Exercise goal -> Your output consists solely of the lines from the one that contains "bratislava city header" to the end of the material, each reproduced exactly; pictures do not belong in it.

Data block ->
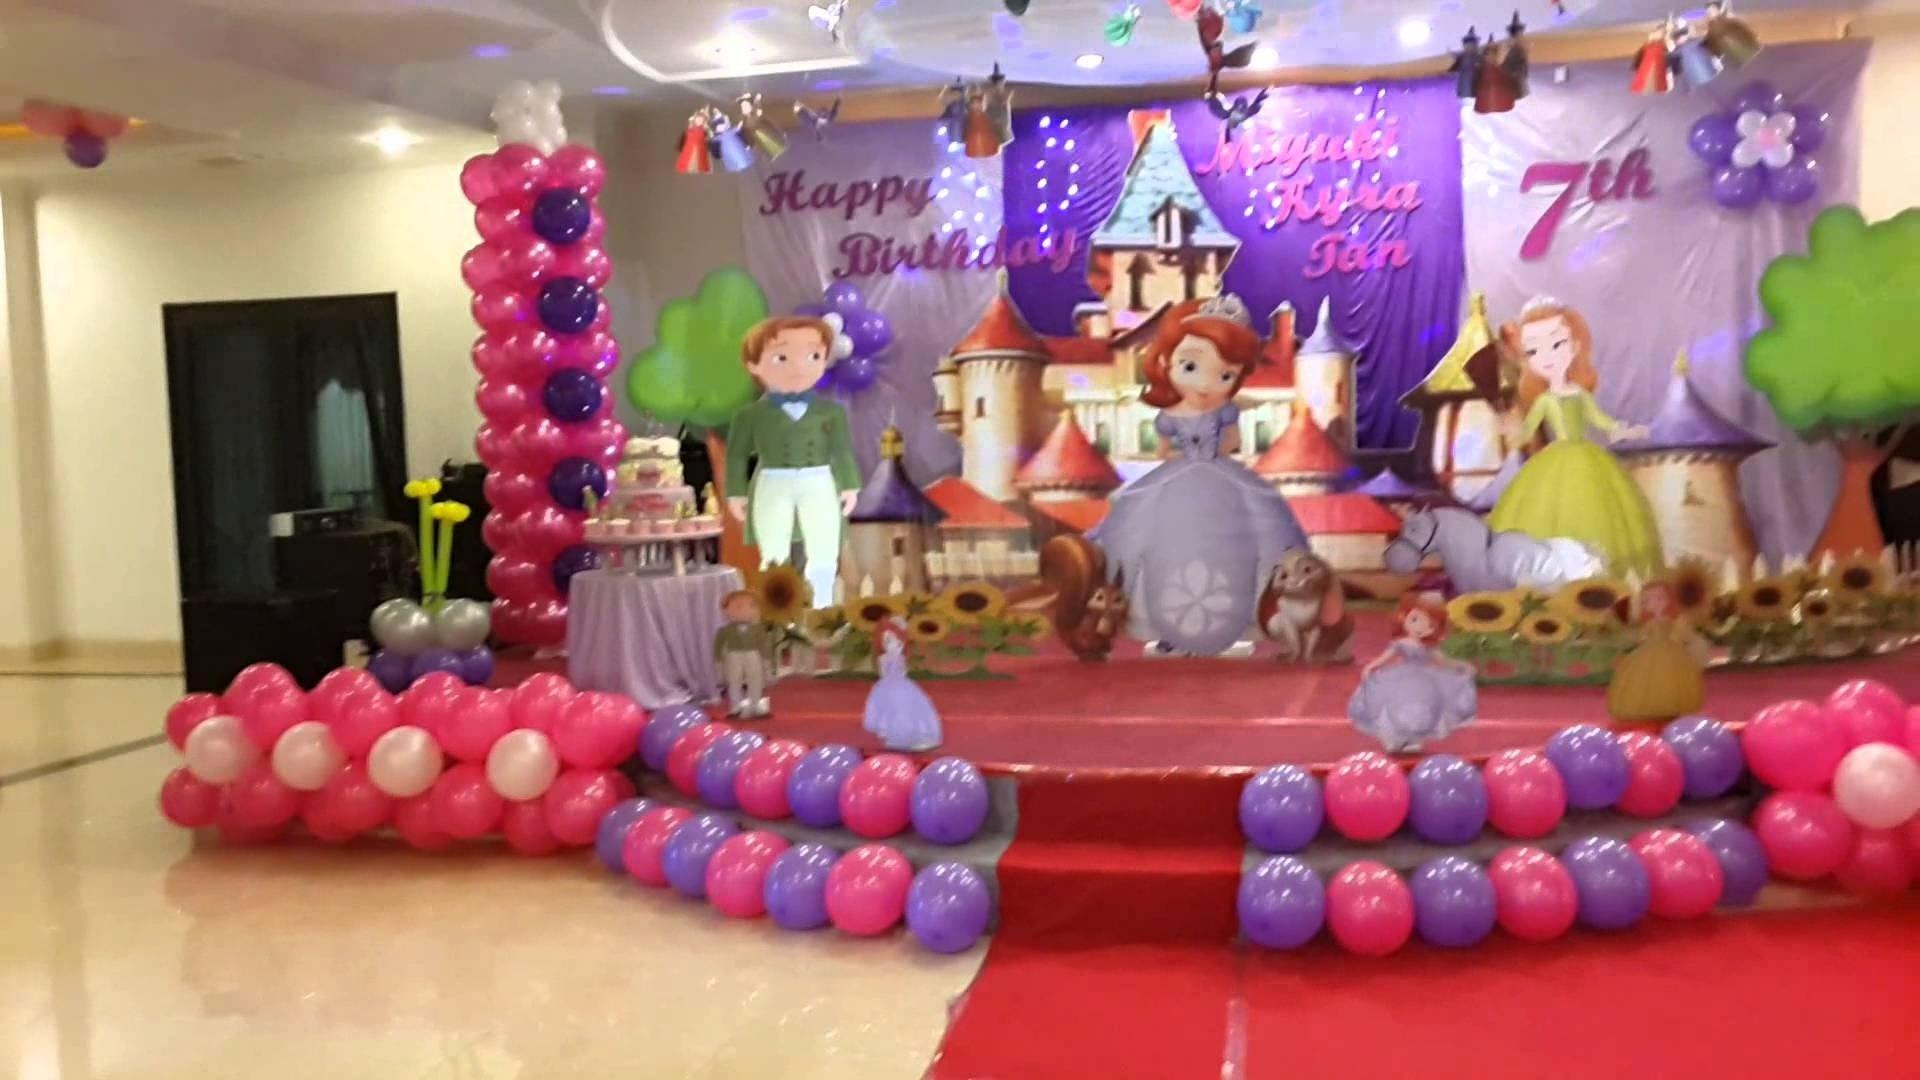 10 Stylish 1St Birthday Party Decoration Ideas sofia the first birthday theme youtube 1
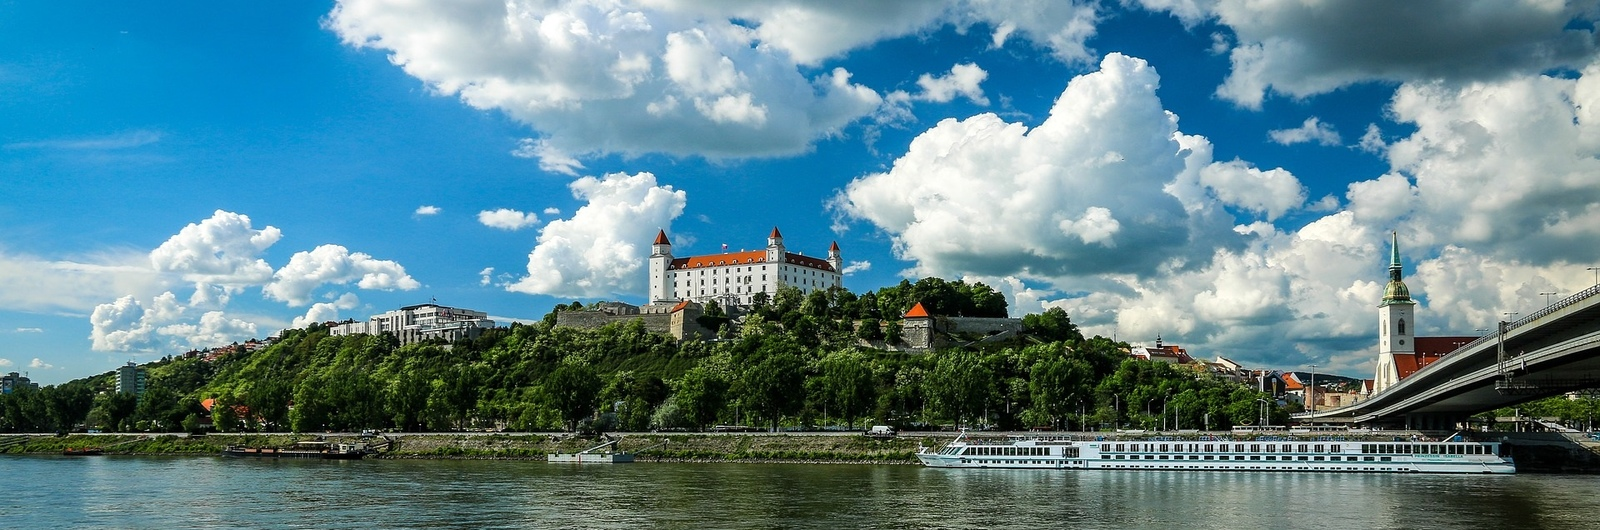 bratislava city header
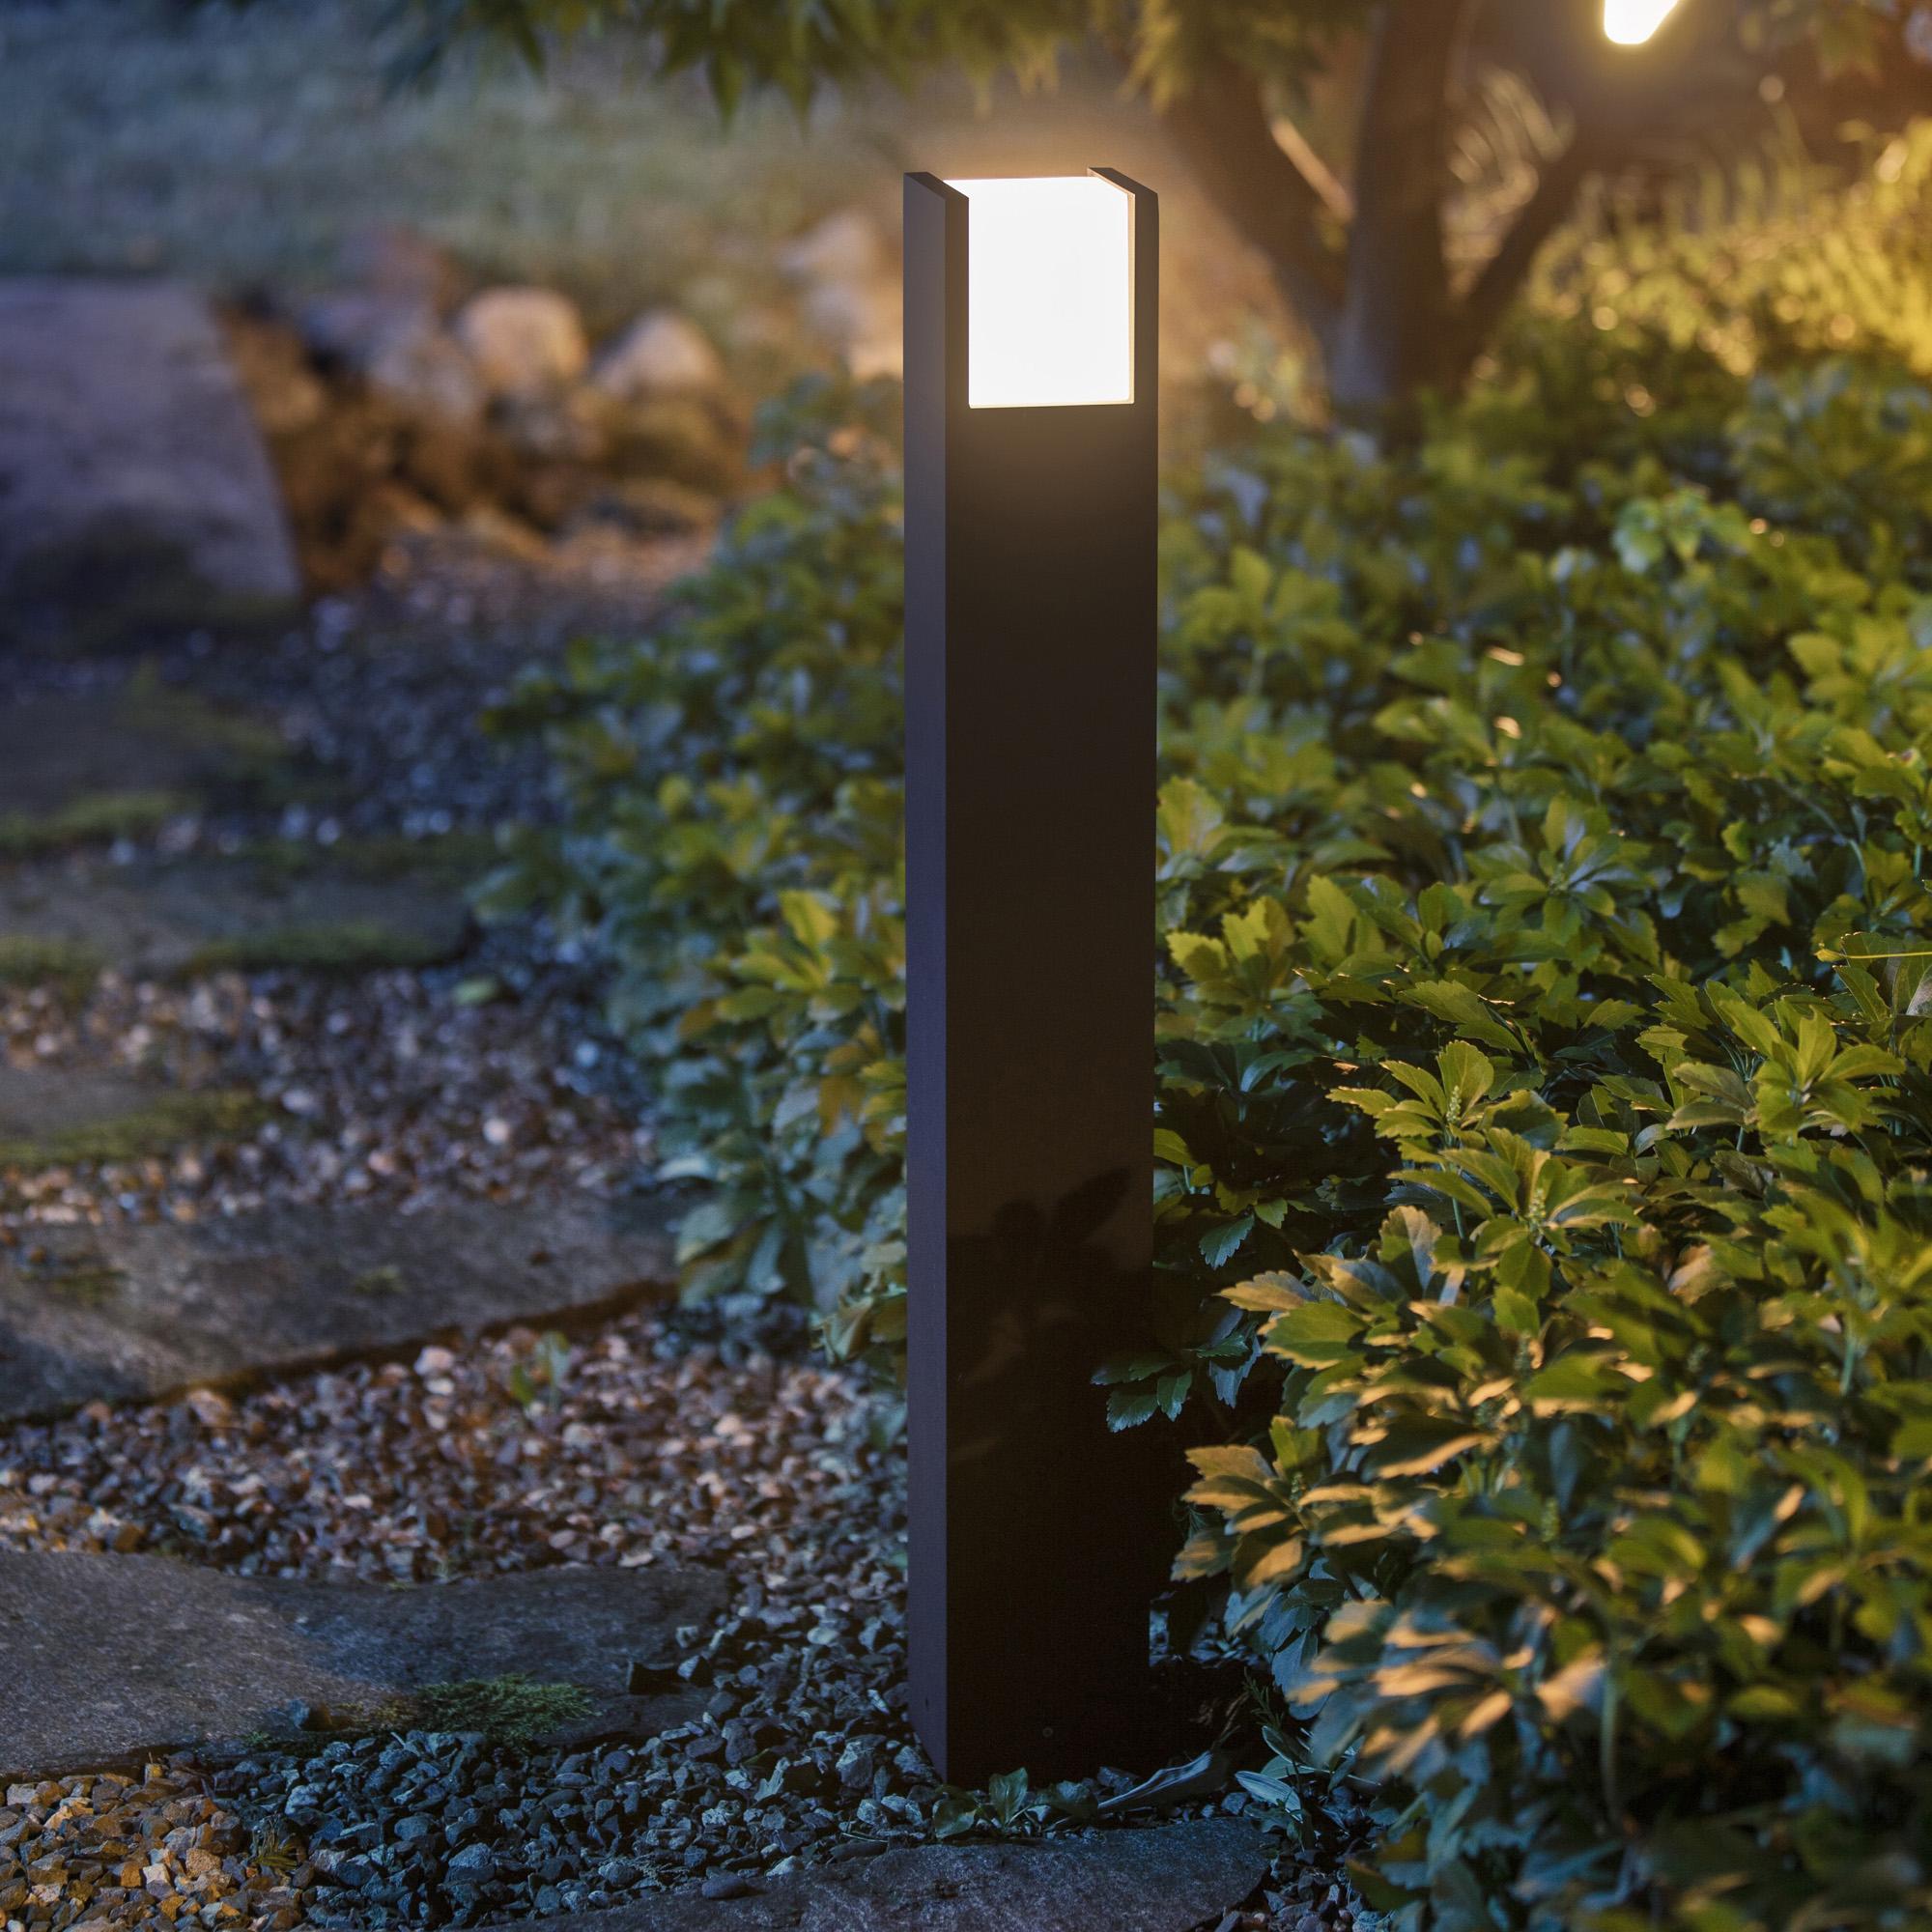 Philips Hue White Fuzo LED-Wegeleuchte, schwarz 1744830P7

Answer space ->
 bratislava city header
 Philips Hue White Fuzo LED-Wegeleuchte, schwarz 1744830P7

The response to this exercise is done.